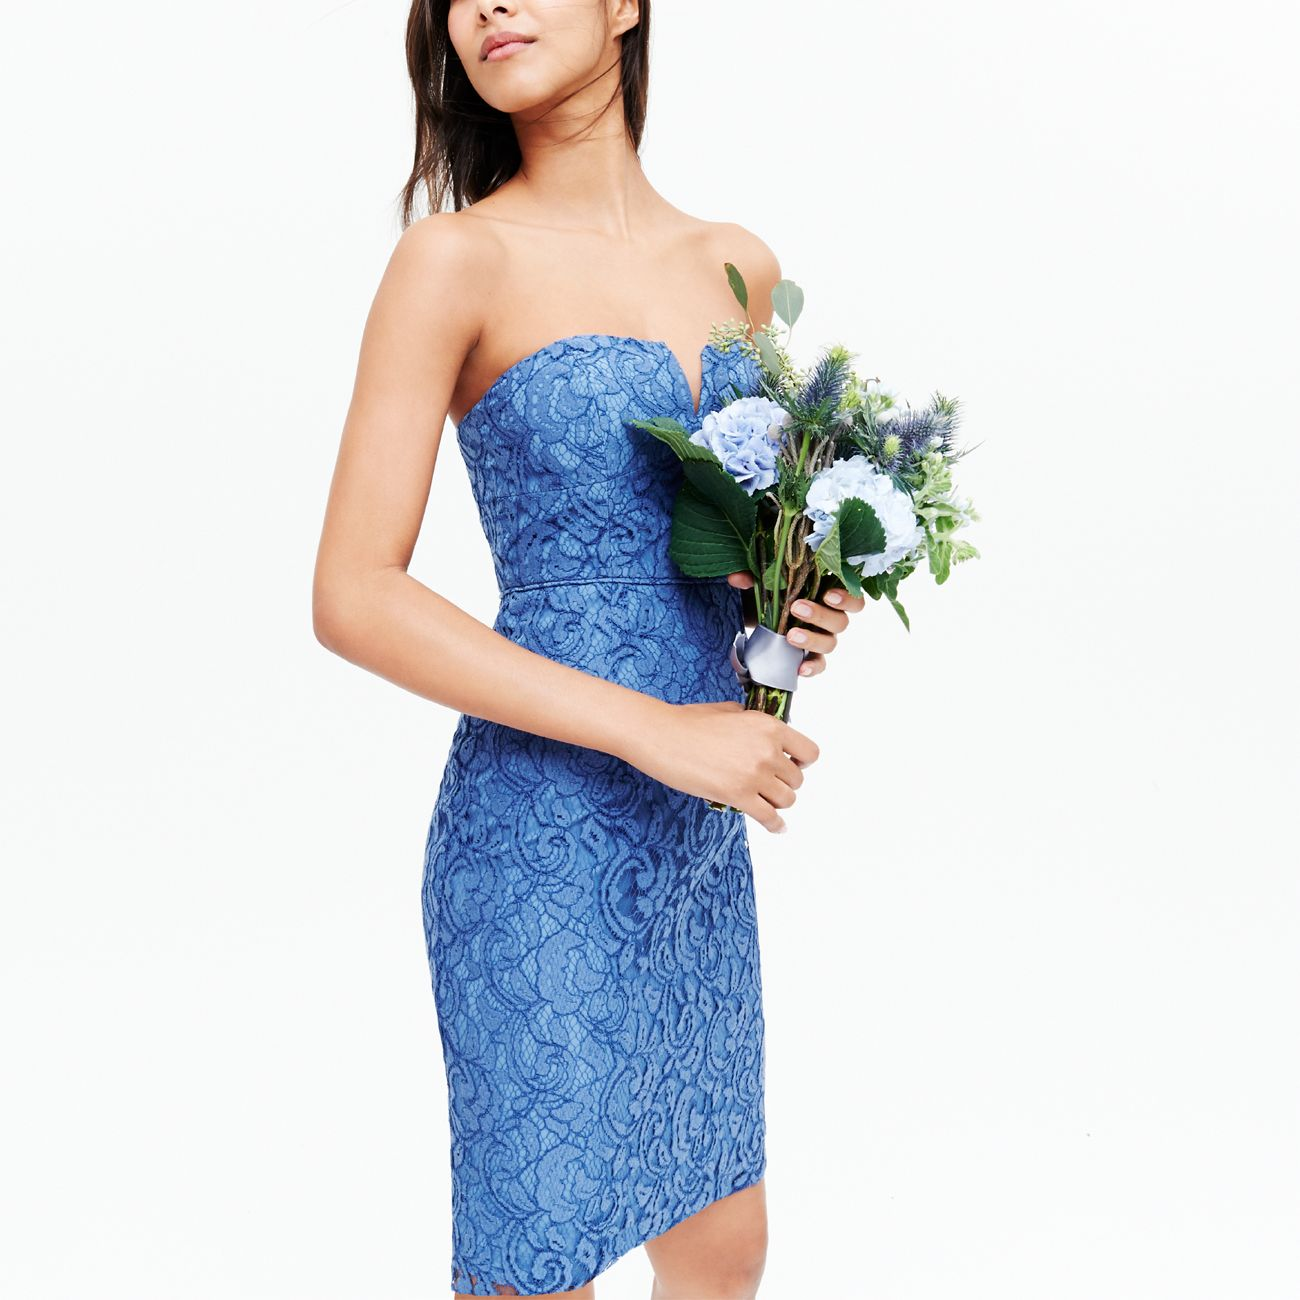 Weddings Parties J Crew Cathleen Bridesmaid Dress In Steely Ocean Leavers Lace
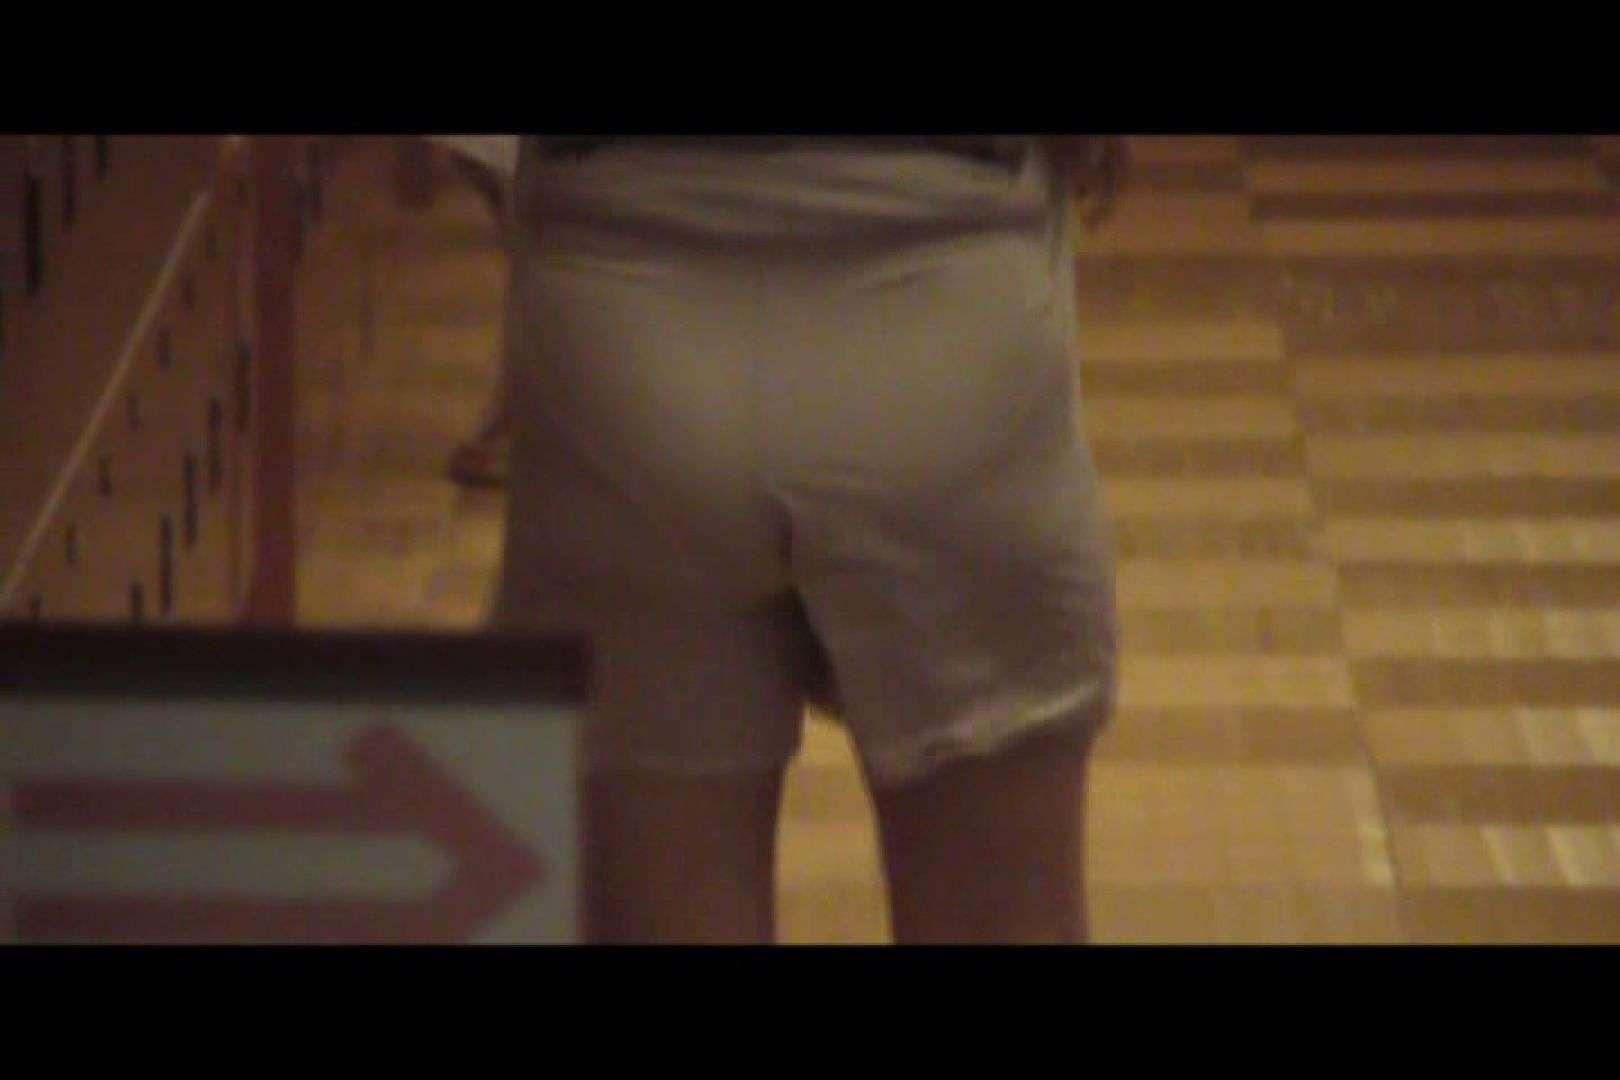 投稿者ハイロスさんのドキドキ覗き主観!VOL.03(大衆浴場編) 投稿物 セックス画像 34連発 3
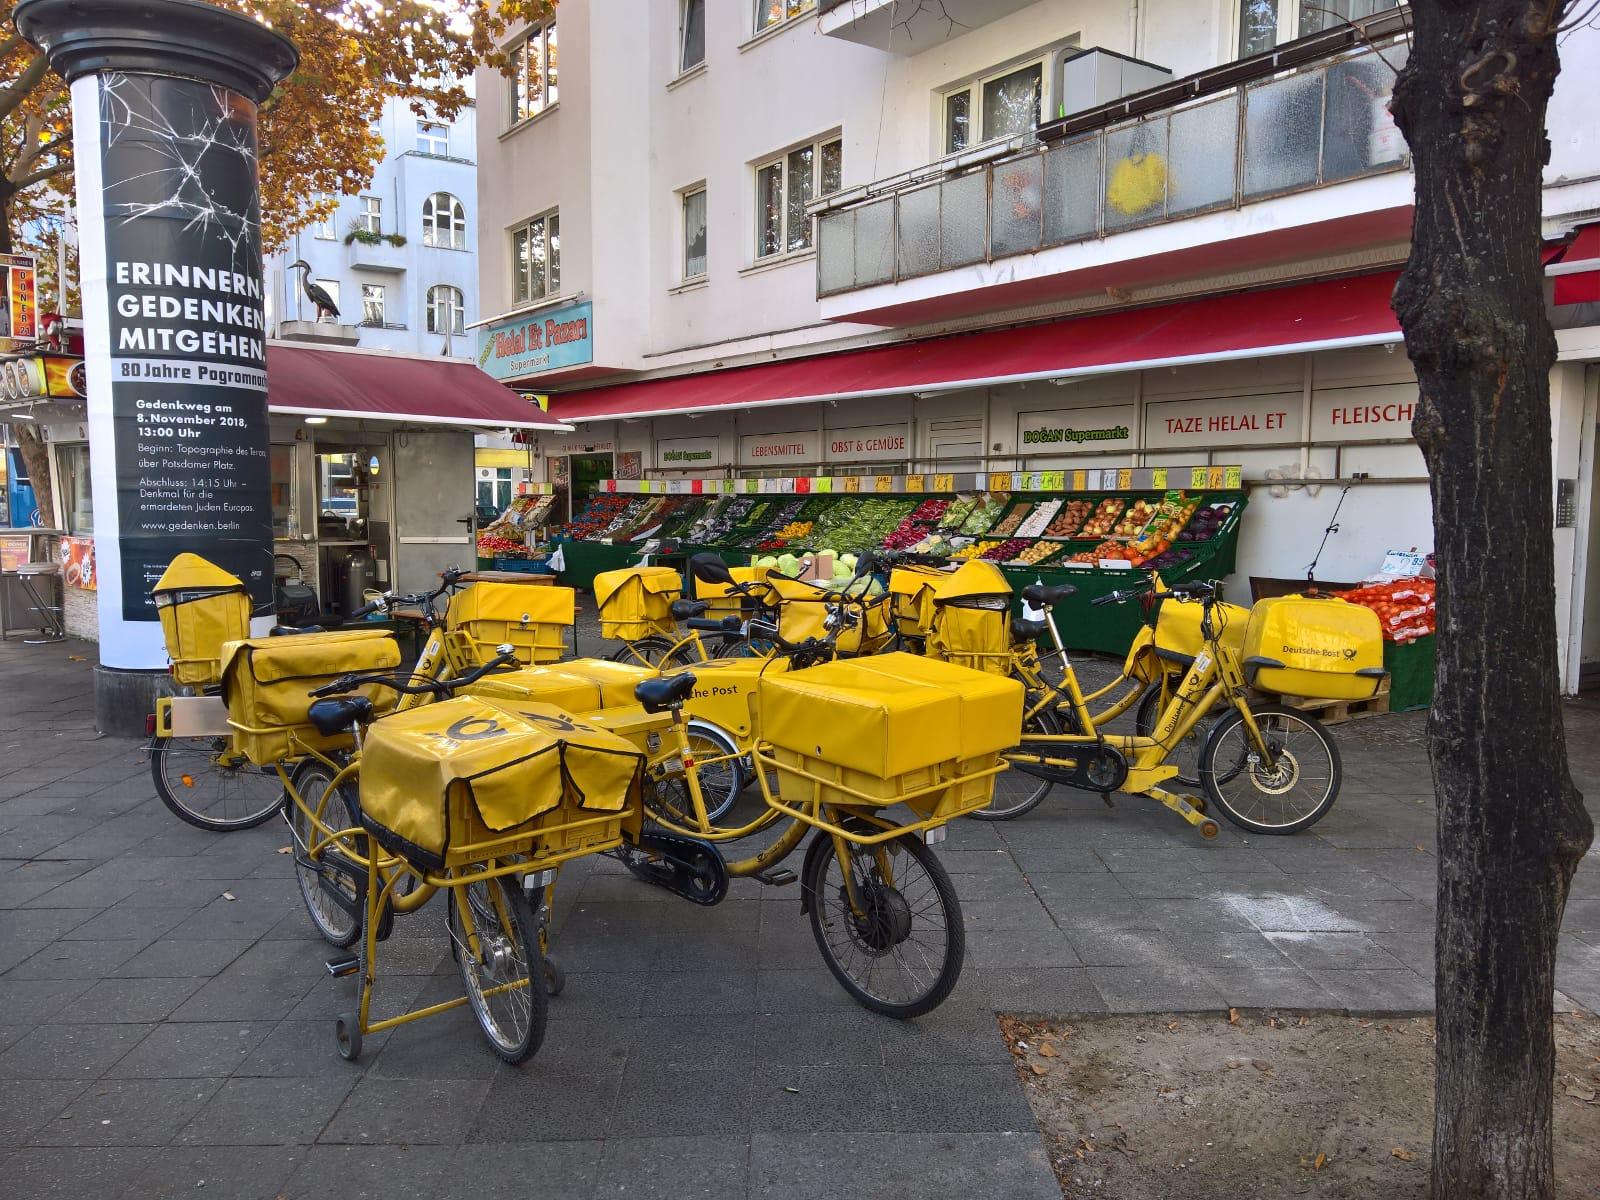 typisch berlin post fahrraeder viele warum berlin
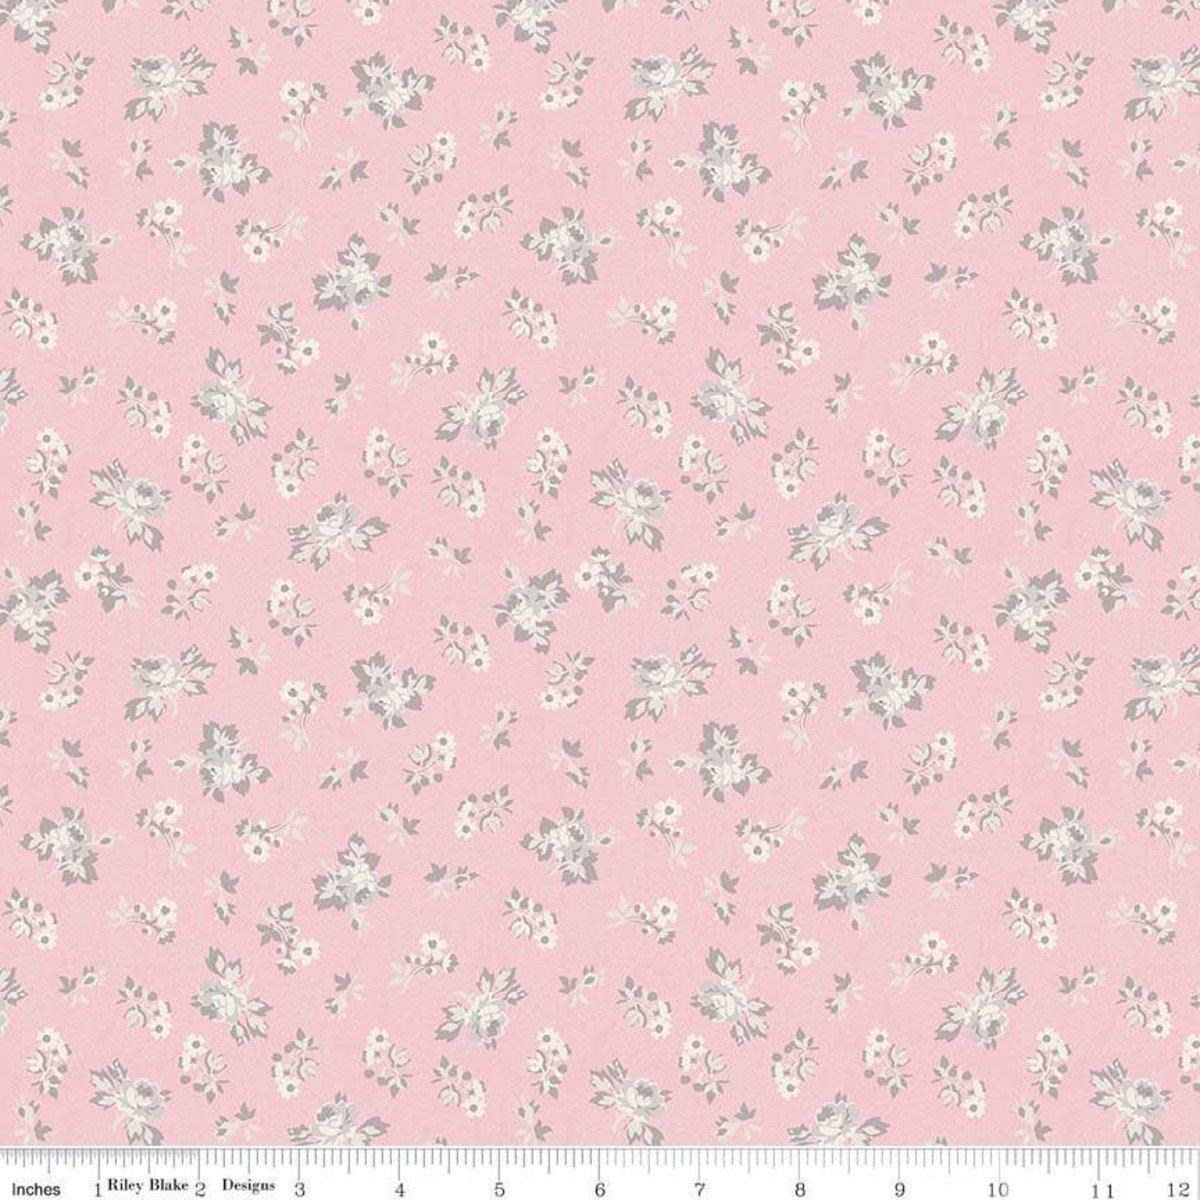 C7683-PINK_Floral Rose Garden
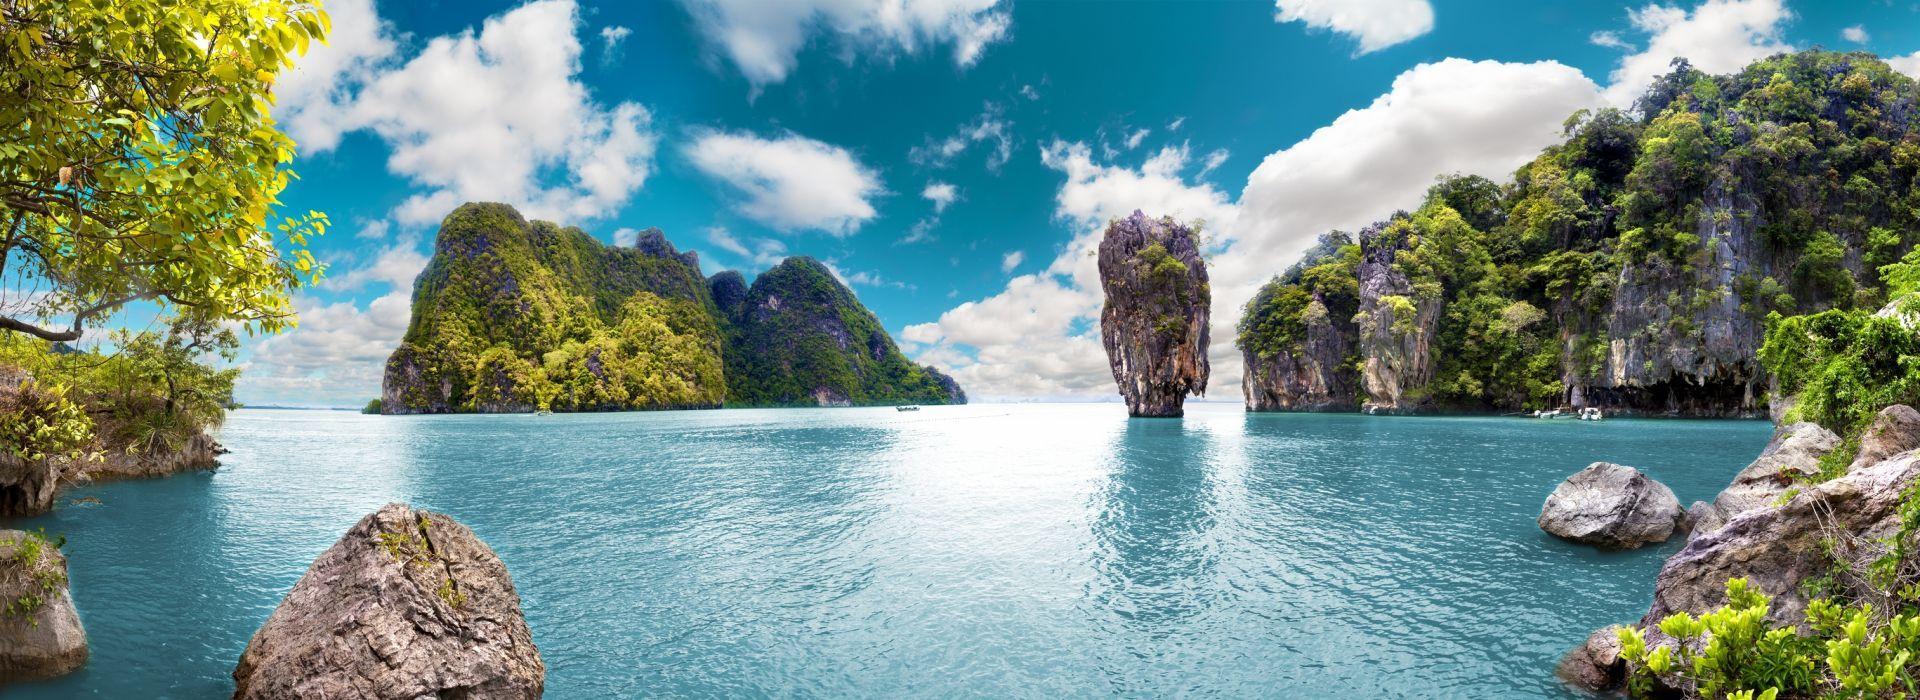 Natural landmarks sightseeing Tours in Phuket
* * * * * * *
*Task statement*:
Repeat the entries exactly as they are given, leaving out each image.

*Expected answer*:
 Weddings Parties J Crew Cathleen Bridesmaid Dress In Steely Ocean Leavers Lace
 投稿者ハイロスさんのドキドキ覗き主観!VOL.03(大衆浴場編) 投稿物 セックス画像 34連発 3
 typisch berlin post fahrraeder viele warum berlin
 C7683-PINK_Floral Rose Garden
 Natural landmarks sightseeing Tours in Phuket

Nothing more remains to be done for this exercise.